The following is a book review by Dr Julie Matthews of Steve Killelea’s ‘Peace in the Age of Chaos: The Best Solution for a Sustainable Future’.

Steve Killelea’s book is somewhat like his life – courageous and uncompromising.


Killelea regards himself to be lucky rather than special. Lucky because he was born into a prosperous and peaceful country, and lucky because these conditions allowed him to flourish and become a successful businessman and entrepreneur. But what is special about Killelea is his desire to make a difference and the depth of his compassion and sincerity. He is well aware that hard work, vision and opportunity in one location can be productive, while in another, it is simply a necessity for survival.

The first-person narrative of this book is disarmingly frank.  Personal encounters bring stark clarity to the tragic lives of those who suffer the effects of war and violence. Absorbing accounts link Tolstoy to Ghandi, to Buddhist precepts on peace, and Killelea’ visits to various Peace Centers around the world. Unpalatable details about current global conditions are connected to Killelea’s personal insights and his efforts to put them into practice. Indeed, the Global Peace Index and the Institute for Economics and Peace, established in 2008 mark a remarkable achievement – namely to identify what creates peace by distinguishing and measuring the factors and policies that make countries peaceful.

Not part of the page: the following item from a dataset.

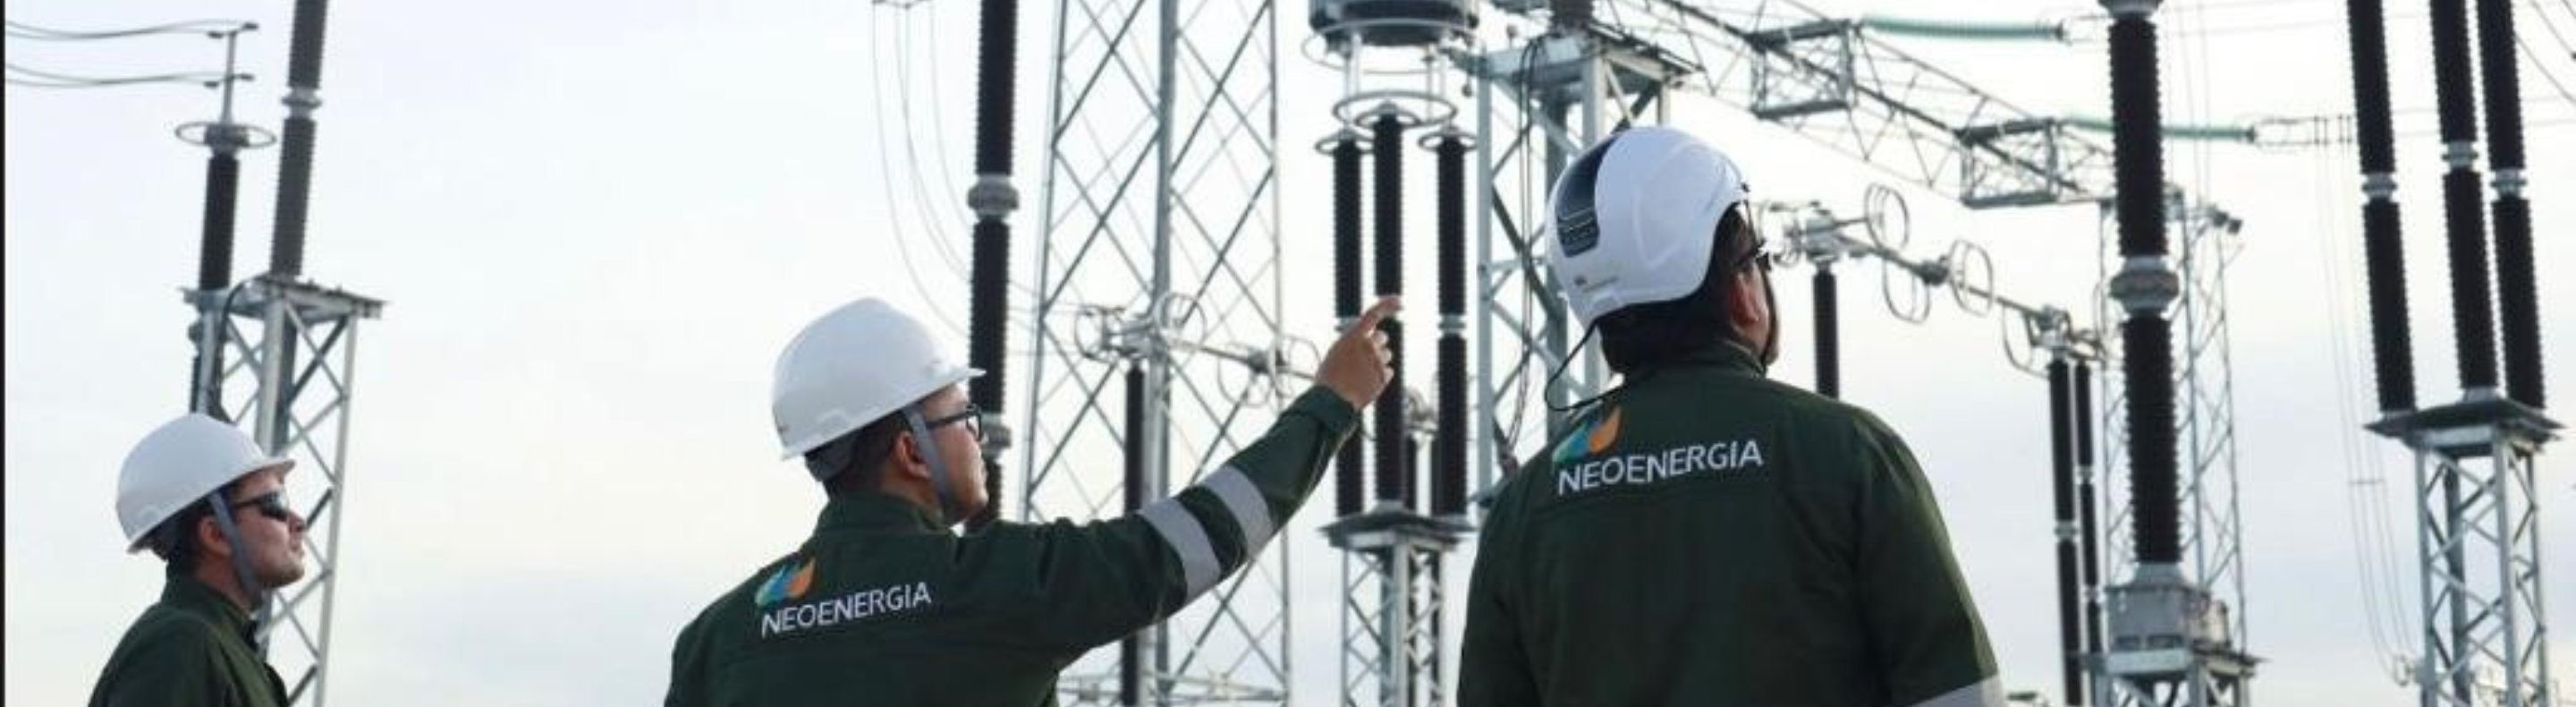 Imagem mostra três homens vestindo macacões verde com a inscrição Neoenergia. Eles usam capacetes brancos e observam instalações elétricas

Killelea reminds us that we tend to study the causes of war and how to resolve conflict rather than to study peace, happiness and sustainable flourishing.  Most studies of peace are based on a notion of ‘negative peace’ and end up as studies of war and conflict. He pointedly notes that trying to understand peace by only studying wars is rather like trying to understand health by only studying illness. To expand the definition of peace beyond its ‘negative’ definition, namely the absence of violence and conflict, we need to include measures of economic and ecological performance, happiness, inclusion, resilience and adaptation to change.

For the most part the book delivers an informative and engaging background through which to understand the development of the Global Peace Index. Generated in 2007 from a project which aimed to identify precise and comparable indicators of peace, the index allows nations to be ranked by levels of peacefulness. The Index is now based on eight groups of indicators : 1) Well-functioning government, 2) Sound business environment, 3) Equitable distribution of resources, 4) Acceptance of the rights of others, 5) Good relations with neighbors, 6) Free flow of information, 7) High levels of human capital, and 8) Low levels of corruption.

Peace in the Age of Chaos, details a great many interesting insights and useful arguments, as well as debunking many persistent myths. For instance, the index shows that in 2019 as many countries had increased in peace, as have declined. Killelea wryly observes that the popularity of negative news and the electoral benefits of fear-based politics have led us to assume that the only counter to violence is more violence or that the best way achieve peace is to prepare for war. The index also challenges the assumption that military spending is economically productive. Calculating the economic impact of violence on the global economy to include the cost of homicides, judicial proceedings and incarceration brings the real cost of violence on productivity to light.

Global Terrorism Index, 2013 also uses statistical and mathematical tools. It indicated that most terrorist acts occurred in countries with high levels of state sponsored terrorism or conflict. Focusing specifically on connections between religious belief and peace, the 2014 report found that corruption, political terror, group grievances, economic inequality, and political instability were more significant in determining levels of peace than religious belief. The report disputed that there is a link between terrorism and refugees.

The book provides a theoretical basis for its understanding of peace through a succinct and readable account of systems theory. The emphasis on the dynamic, changing nature of systems is helpful and hopeful, because it emphasises how societies and organisations, be they national or international, change overtime through mutual feedback loops and interactions with one another and with ecological and environmental systems.

In the absence of the possibility of an overarching god-like view on the nature and extent of global peace, one can only admire Killelea’s passion and commitment to making the world a more peaceable place.  He is not anti-military, or anti-establishment; indeed, his pro-capitalist, business orientation adds weight to the argument for positive peace on grounds that it is more economically productive than war. This being the case, Killelea asks why violence is so frequently escalated by leaders. He concludes with the observation that they simply do not know any better. If his assessment is correct, one can only hope that the peace index delivers the ideas and the tools necessary to ensure that ‘humanity’s future does not resemble its past’ (p283).